On March 9th, 2010, the Constitutional Court (CC) in Johannesburg, South Africa delivered judgment in the matter between International Trade Administration Commission (ITAC) and SCAW South Africa (Pty) Ltd.
Bridon International welcomes the decisions made by the CC, firstly, confirming that Anti-Dumping duties lapse on the expiry of the statutorily determined period of 5 years plus 18 months and, secondly, to overturn the decision of the High Court that prevented ITAC and the Ministers for Trade and Finance from enacting ITAC’s recommendation to lift the anti-dumping duties on sales of Bridon’s products in the South African Customs Union.
This recommendation was the result of ITAC’s thorough investigations during the “sunset review” that found that Bridon had not dumped steel wire rope and that there was no likelihood of future dumping.
Jon Templeman, CEO of Bridon said “I believe that this decision will open the South African market for steel wire ropes to increased competition which can only be of benefit to South African consumers of our products.”
And continued, “Bridon looks forward to meeting with customers old and new and serving the South African market for many years to come.”
The case concerned the duration of and procedure for reviewing anti-dumping duties. These are measures which are imposed by the state to counteract the harmful practice of introducing goods into the economy of a country or its common customs area for a price less than the production costs or market value of those goods.
In 2002 the Minister of Trade and Industry imposed anti-dumping duties on stranded wire, rope and cable of iron or steel products originating in or imported from foreign countries. In particular, the anti-dumping duties were placed on the products of Bridon International Limited, the biggest manufacturer of steel and wire ropes in the United Kingdom. The Minister based his decision on a recommendation made by the Board on Tariffs and Trade, the predecessor of ITAC.
In February 2007, prior to the lapsing of the five year period, SCAW, a South African company that manufactures steel products including those of which the anti-dumping duties were imposed, lodged an application with ITAC for the initiation of a “sunset review” or investigation with a view to maintaining the anti-dumping duties in place.
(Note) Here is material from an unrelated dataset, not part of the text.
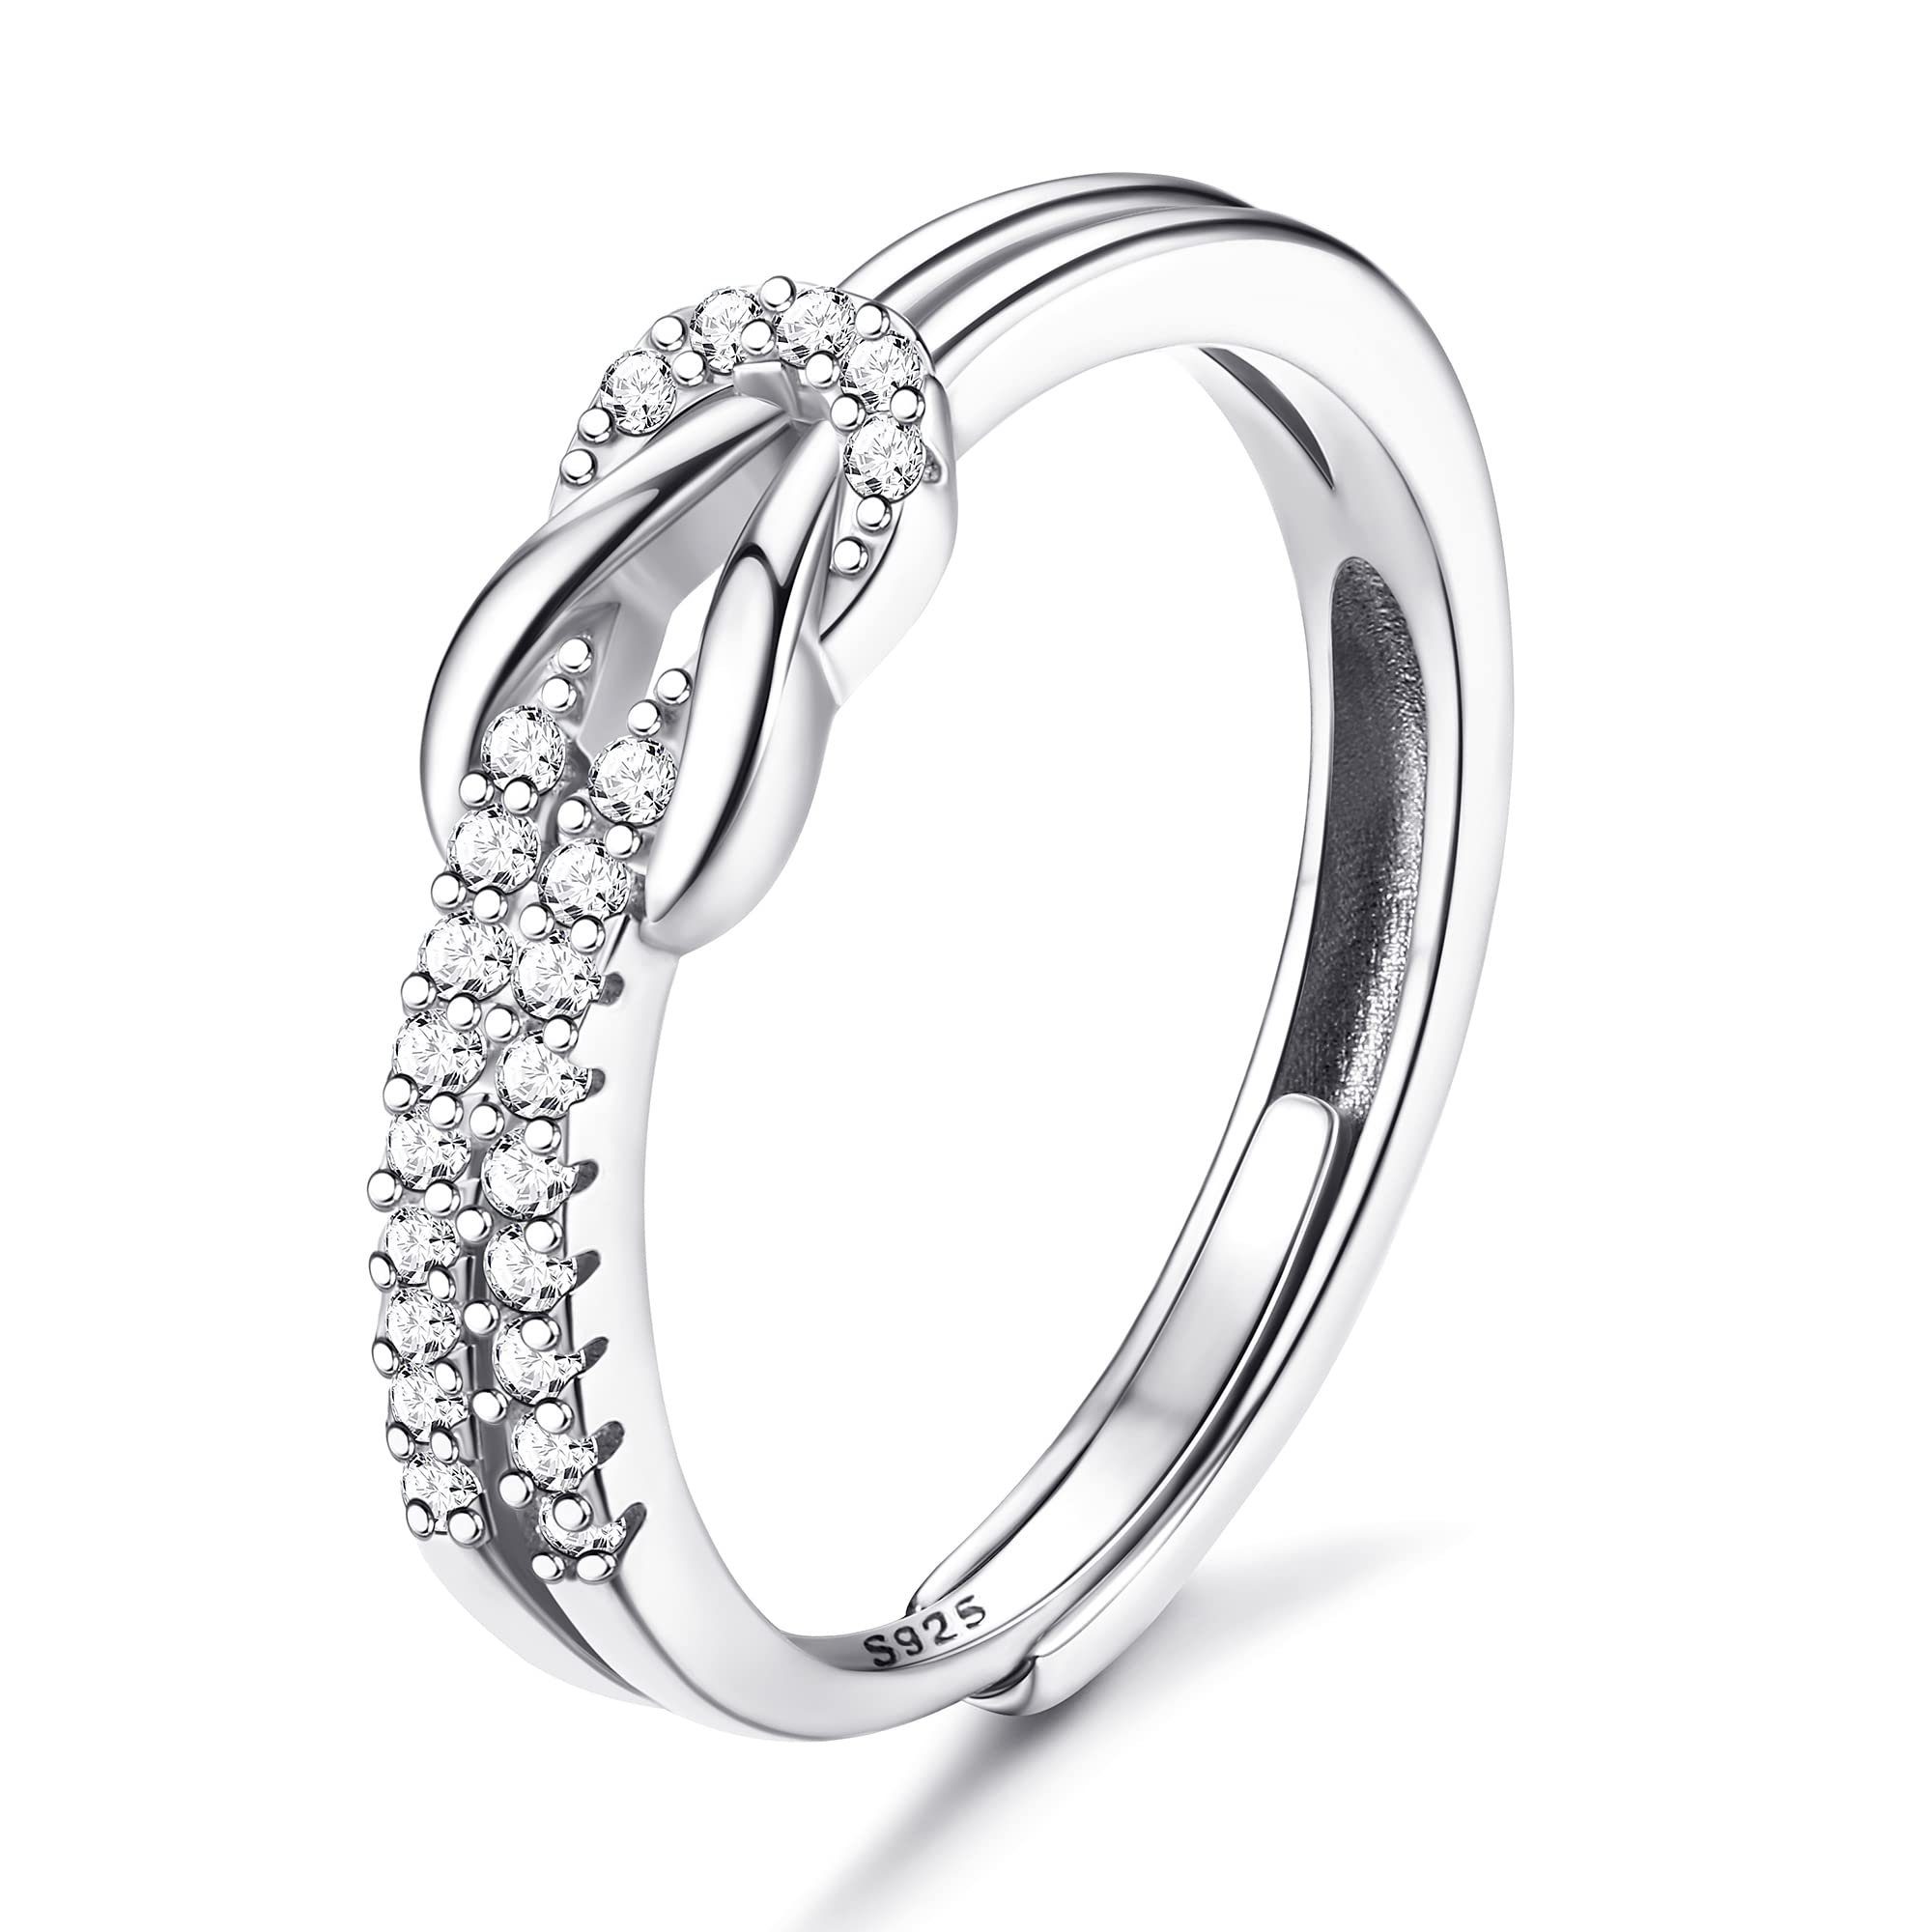 POCHUMIDUU Fingerring Twisted Set Diamanten offen Schößchen Ring weibliche Mode Temperament, Silberschmuck für Frauen aus 925er Sterlingsilber

ITAC conducted the sunset review into whether the removal of the duties was likely to lead to the continuation or recurrence of injurious dumping. In October 2008, ITAC made a recommendation to the Minister that the existing anti-dumping duties in respect of Bridon UK’s products should be terminated.
SCAW then launched an urgent application with the High Court and sought to prevent ITAC from forwarding its recommendation to the Minister for consideration. SCAW further sought an order preventing the Minister and also the Minister for Finance from performing their respective duties in the implementation of a recommendation made by ITAC. The High Court granted the interim interdict against ITAC and both ministers.
ITAC then sought leave to appeal against the High Court order.
In a unanimous judgment by Moseneke DCJ, the Court held that the interim interdict was final in effect and that it caused irreparable harm. The interests of justice therefore dictated that the interim interdict be appealable. The Court held further that leave to appeal against the interim interdict should be granted as it implicated questions of separation of powers and South Africa’s international trade obligations, issues which are not the subject of SCAW’s pending review application in the High Court.
In respect of the merits of the appeal, Moseneke DCJ found that the relevant regulations meant that anti-dumping duties will lapse on expiry of the statutorily determined 5 years and 18 month period, and that the initiation of a sunset review or a judicial review does not extend the lifespan of an anti-dumping duty beyond that period. The Court held further that decisions regarding the setting or lifting of anti-dumping duties are patently within the domain of the executive, and that the interdict prevented the Ministers involved from performing their legislative functions. It was inappropriate for the High Court to grant the interdict, because it improperly breached the doctrine of separation of powers.
In the result, the Court granted the application for leave to appeal, set aside the order of the High Court and ordered SCAW to pay the costs of ITAC and of Bridon UK in this Court.